最新推荐文章于 2023-02-20 09:40:53 发布

BoL0150

最新推荐文章于 2023-02-20 09:40:53 发布

阅读量867

点赞数 2

分类专栏： cs144

本文链接：https://blog.csdn.net/qq_45698833/article/details/119763923

版权

cs144 专栏收录该内容

5 篇文章 3 订阅

订阅专栏

CS144实验记录（二）lab1

实验编译说明

在sponge目录下有CMakeLists.txt文件，用来生成编译所需的Makefile文件。
cmake后会生成很多编译的中间文件以及makefile文件，所以一般不会在CMakeLists.txt所在的目录中使用cmake，而是使用mkdir build新建一个新的目录build，专门用来编译。
使用cd build进入build目录，在build目录下使用cmake ..命令，..表明CMakeList.txt在build的上一层目录，将CMakeLists.txt文件转化为编译所需要的makefile文件。
生成了Makefile文件后，就可以使用make命令编译代码（可以使用 make -jn来指定使用n个核来并行编译，提高编译的速度）。编译成功后，在build目录下使用make check_lab1来测试我们lab1的代码。

一共有如下几种编译选项可供选择：

Release - optimizations
Debug - debug symbols and -Og
RelASan - release build with ASan and UBSan
RelTSan - release build with ThreadSan
DebugASan - debug build with ASan and UBSan
DebugTSan - debug build with ThreadSan

当编译时出现 segmentation fault，可以在build目录下使用cmake .. -DCMAKE_BUILD_TYPE=RelASan开启编译器的“sanitizers”，在编译时可以检测到内存错误和未定义的行为。如果需要调试，也可以使用cmake .. -DCMAKE_BUILD_TYPE=Debug开启调试模式，在gdb中有更好的调试信息。

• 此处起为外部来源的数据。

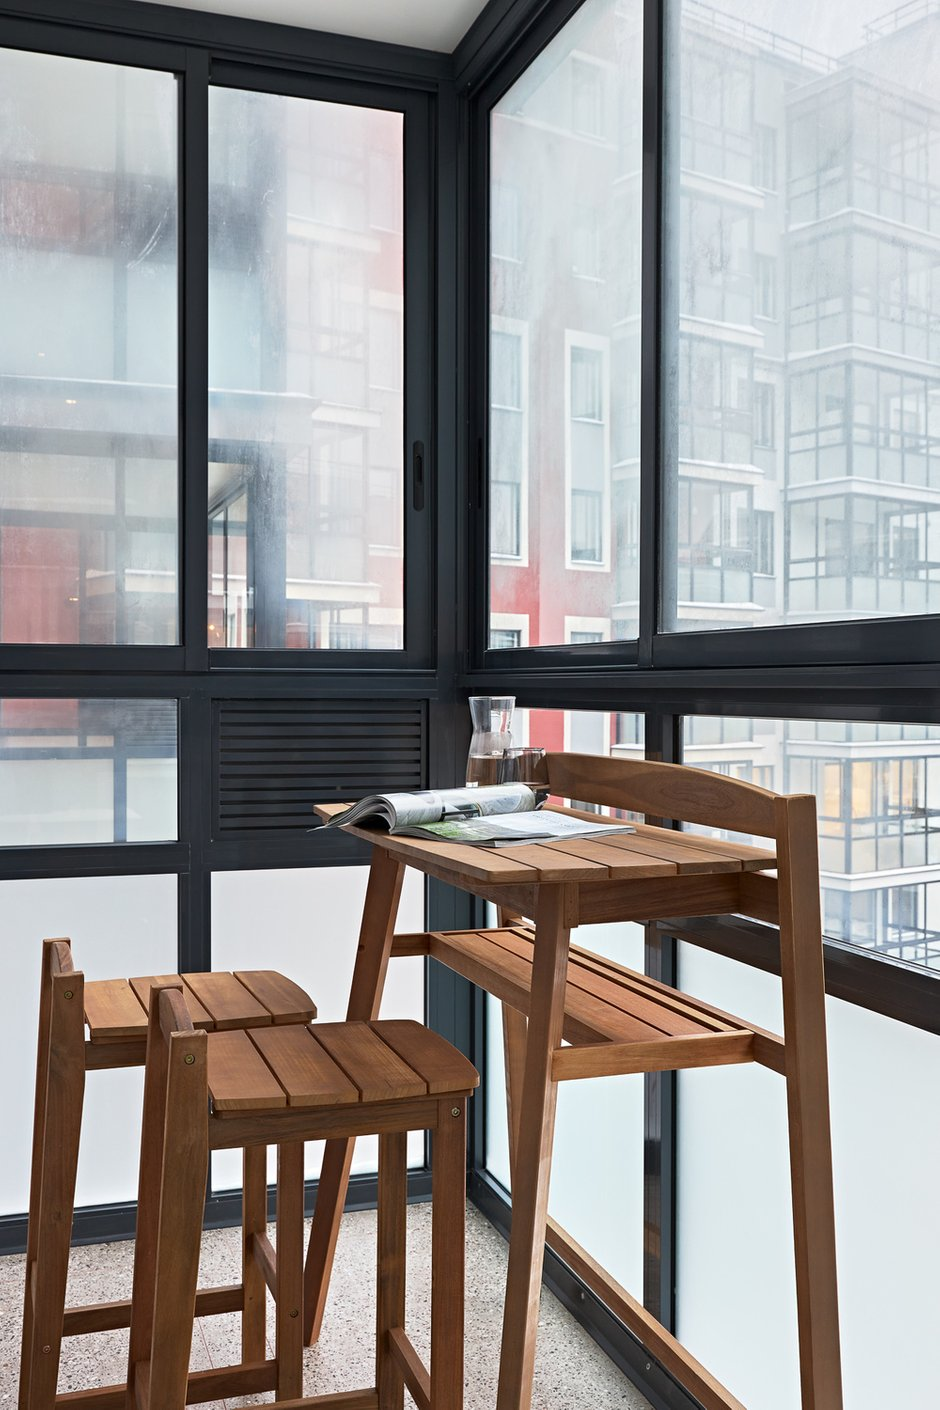 Фотография: Балкон в стиле Современный, Квартира, Проект недели, Санкт-Петербург, Ульяна Скапцова, 2 комнаты, 40-60 метров – фото на INMYROOM

cmake切换模式时必须将之前的编译文件删除，使用make clean将之前make命令生成的.o文件或可执行文件删除。再使用make命令重新编译，使用make check_lab1测试。（不知道cmake是否会将之前的Makefile覆盖，最好使用rm -rf build命令删除build目录，也就是之前的Makefile文件，再使用cmake切换模式，重新生成Makefile文件，再使用make命令重新编译）

在本实验中，为避免每次切换编译模式时都需要make clean或rm -rf build，我选择将不同的模式在不同的目录下编译。不再是一个build目录，而是一个Debug目录和一个Release目录还有一个RelASan目录。

Overview

IPv4的数据报通过IP层后，提取出TCP报文段，交付给TCP层，每个TCP连接在双方主机的本地都有一对TCPreceiver和TCPsender：

TCPreceiver负责接收对方发送的TCPpacket中的segment部分（包括序列号，载荷等）。由收到的上一个packet的序列号和载荷才能确定发送给对方的ack号和接收窗口的大小，所以TCPreceiver还负责发送ackno和window_size。
TCPsender负责接收对方发送的TCPpacket中的ack号和接收窗口大小（即接收缓冲区的空余部分）。由收到的上一个packet的ack号和接收窗口的大小才能确定发送给对方的packet的序列号以及大小，所以TCPsender还负责发送segment（包括序列号和载荷）。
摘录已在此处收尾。